Limitations of Vedic Math Part 1

Vedic mathematics principles have limitations. The applicability has to be further tested before actual use of the principle and the bounds of its applicability. However in squaring two digit numbers ending with 5. the principle can be used. For example consider a number n 5, where n can take values between 0 and 9 and including them, then

 n5 x n5 = n(n+10)25

Because 10 = 1 mod 9, this becomes

n5 x n5 = n(n+1)25

Put any value for n, between 0 and 9. This will work.

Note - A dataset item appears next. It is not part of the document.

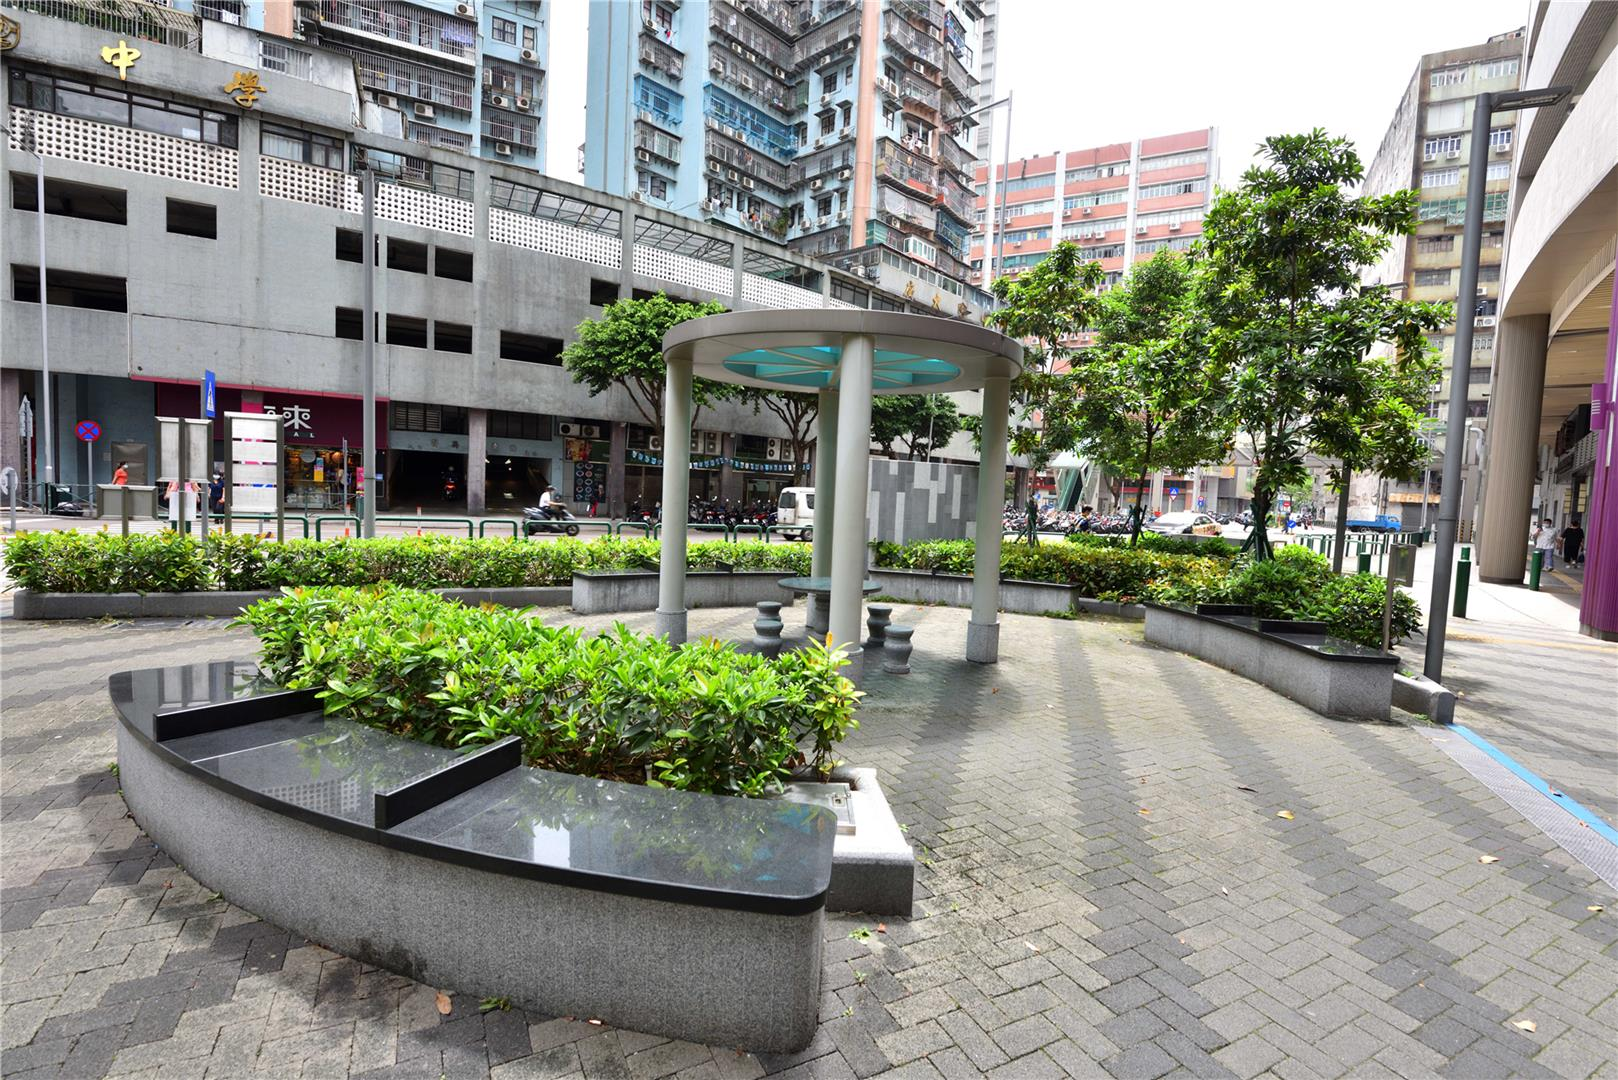 Leisure Area in Rua Nova do Patane

If n = 7, 75² = (7 x 8)25 = 5625

Tip #8: Solving Simultaneous Equations Part 1

Solving Simultaneous Equations Part 1:

To solve a set of simultaneous equations, order the equations as if you were solving them by elimination. Then, the numerator of the variable you are solving for is the coefficient of the other variable in the first equation times the constant in the 2nd equation minus the coefficient of the other variable in the 2nd equation times the constant in the first equation. The denominator of the variable you are solving for is the coefficient of the variable you are solving for in the 2nd equation times the coefficient of the other variable in the first equation minus the coefficient of the variable you are solving for in the first equation times the coefficient of the other variable in the 2nd equation. An example is shown in the video.

 

Tip 7: Find the 10s complement of a number

This will begin to be more useful as I put up more advanced tips and such.

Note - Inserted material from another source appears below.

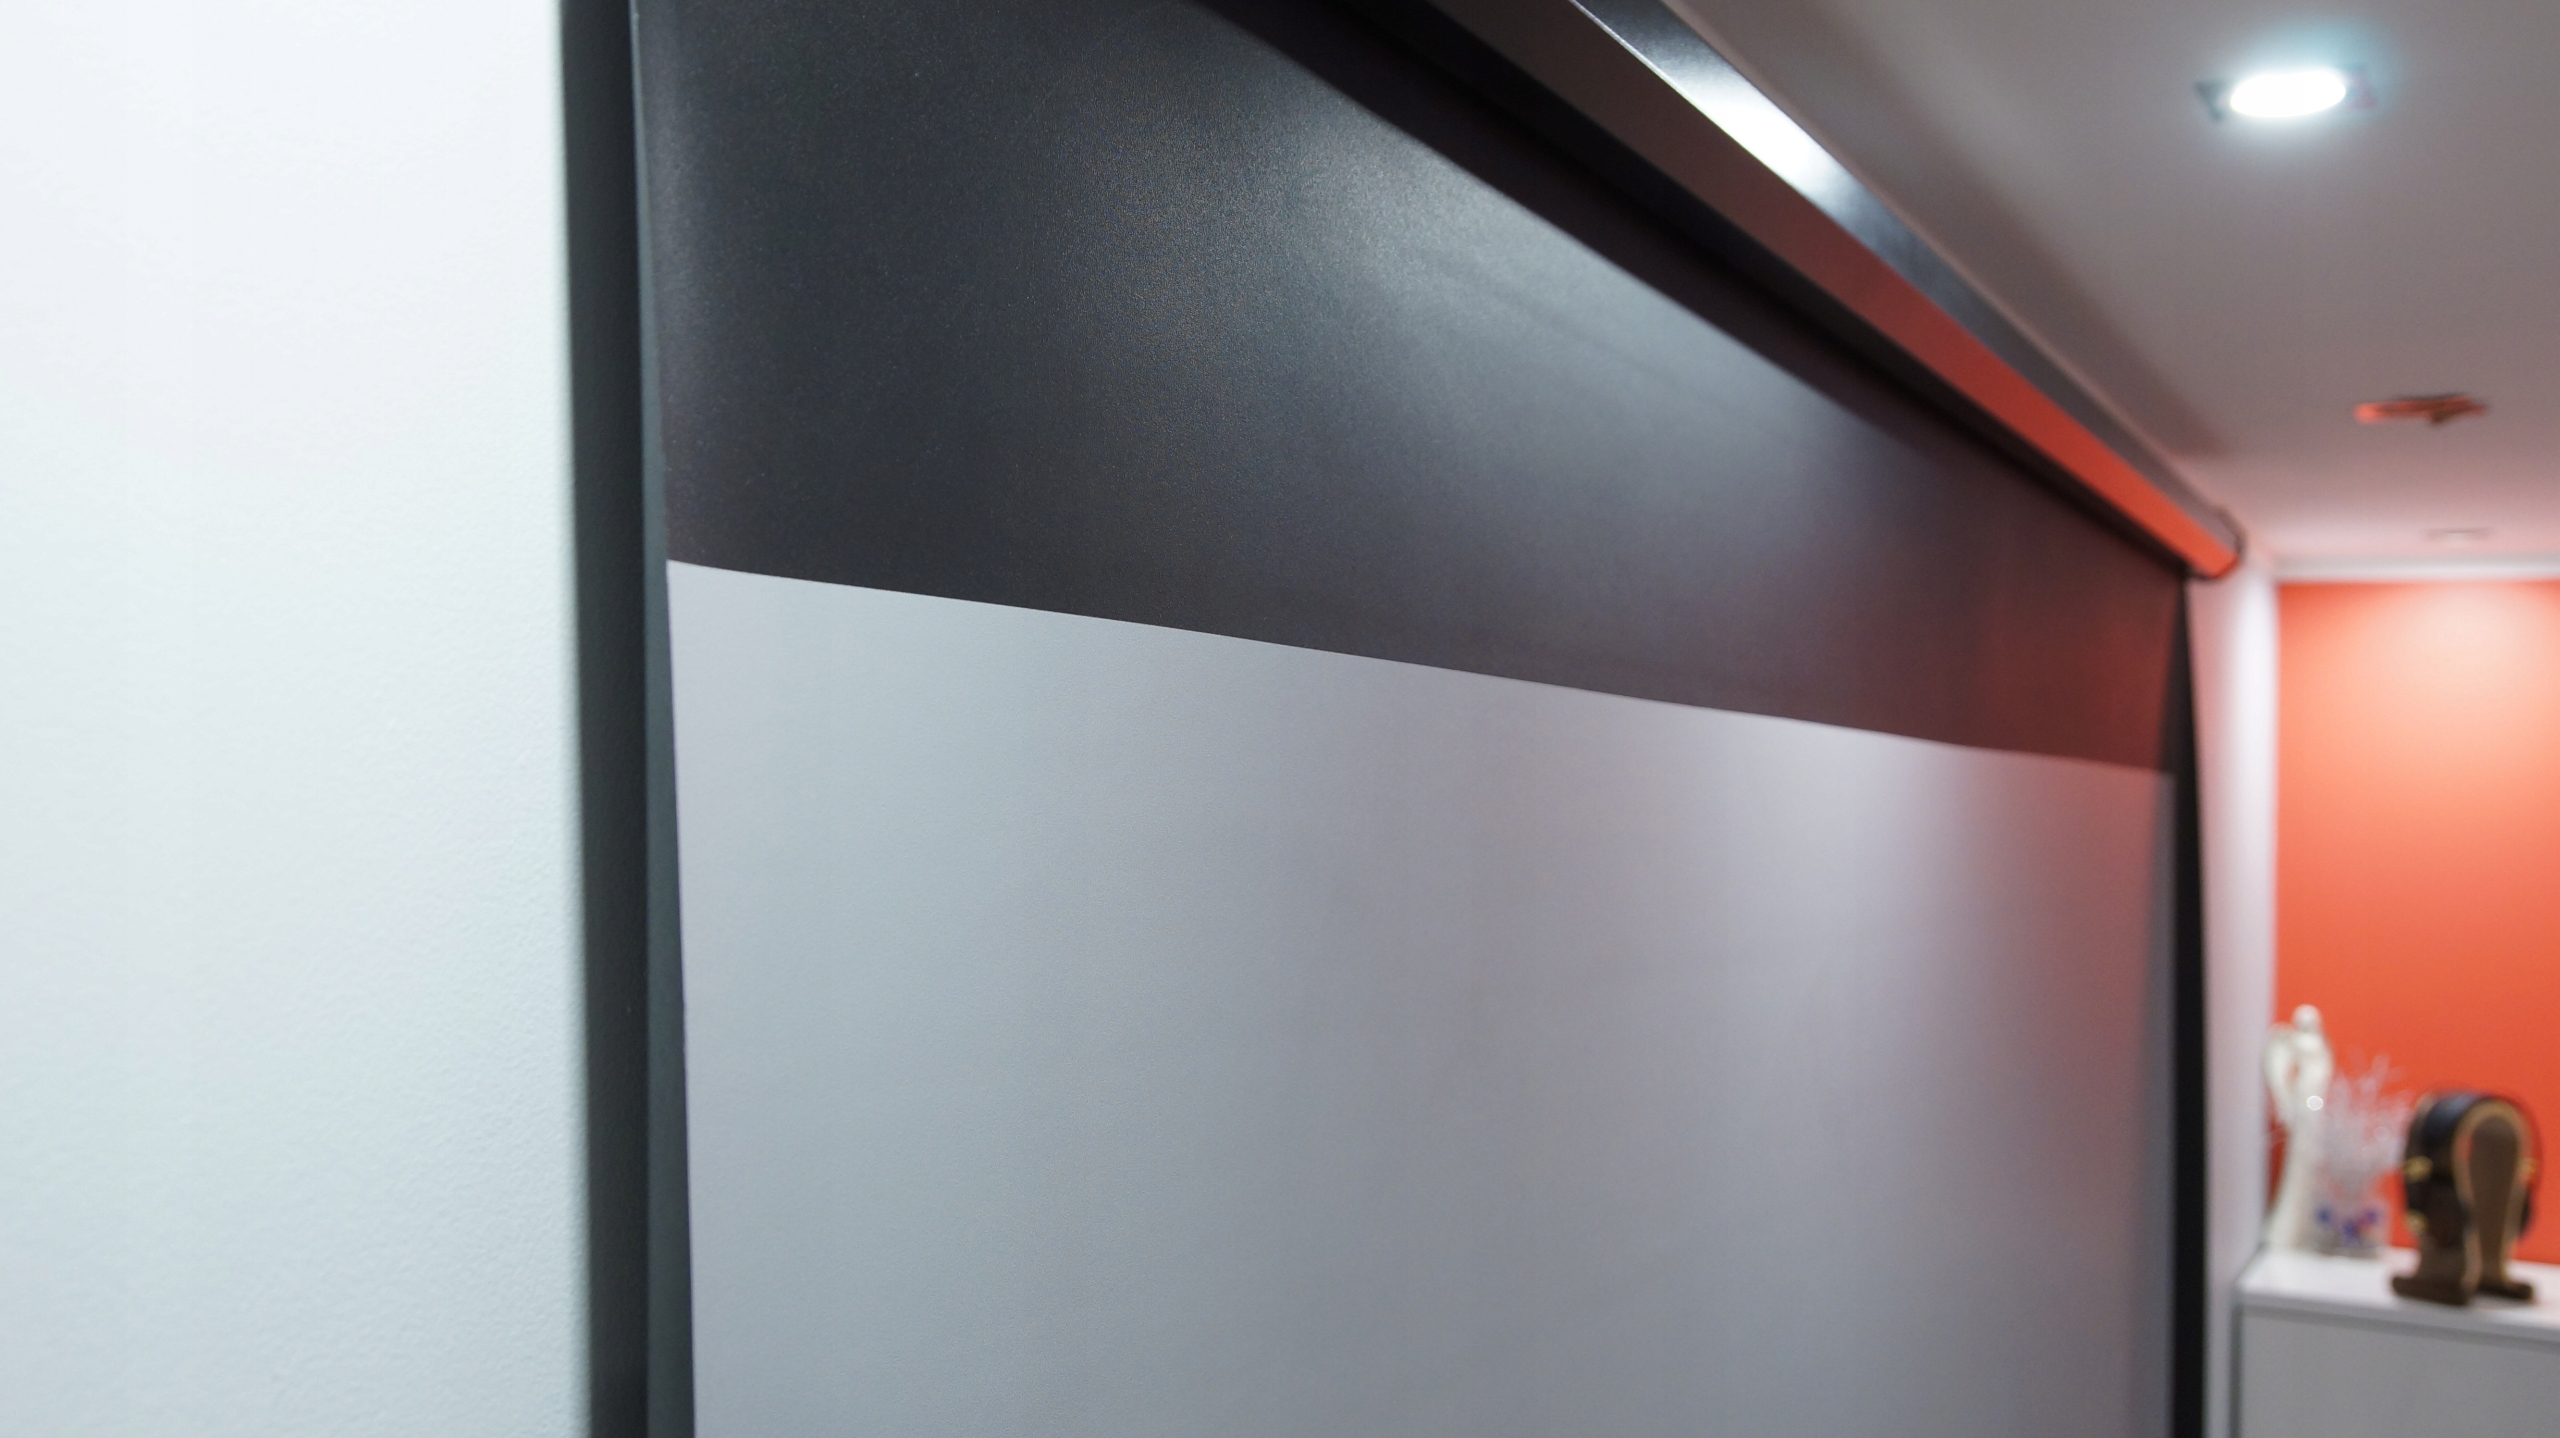 240x135 Ekran Projekcyjny Buenoscreen Cinema Hd Gr 7758930125

To find the 10s complement of a number, subtract each of the digits except the rightmost digit of this number from 9. Subtract the rightmost digit from 10. These digits, from left to right, form the 10s complement. An example is in the video above.

Tip #6: Convert Kilometers to Miles

This is by no means going to be exact, but it will give you a rough idea of how many miles is in a given number of kilometers and vice versa.

To convert from kilometers to miles, simply divide the number of kilometers by 8 and then multiply by 5.

To convert from miles to kilometers, do the reverse: Divide by 5, then multiply by 8.

Here’s a couple of examples:

1. 80 kilometers = 80/8 * 5 miles = 10 * 5 miles = 50 miles
2. 80 miles = 80 /5 * 8 kilometers= 16 * 8 kilometers = 128 kilometers.

 

Feel free to comment on any of these posts or send me an email at vedicmathforkids@gmail.com if you have any questions.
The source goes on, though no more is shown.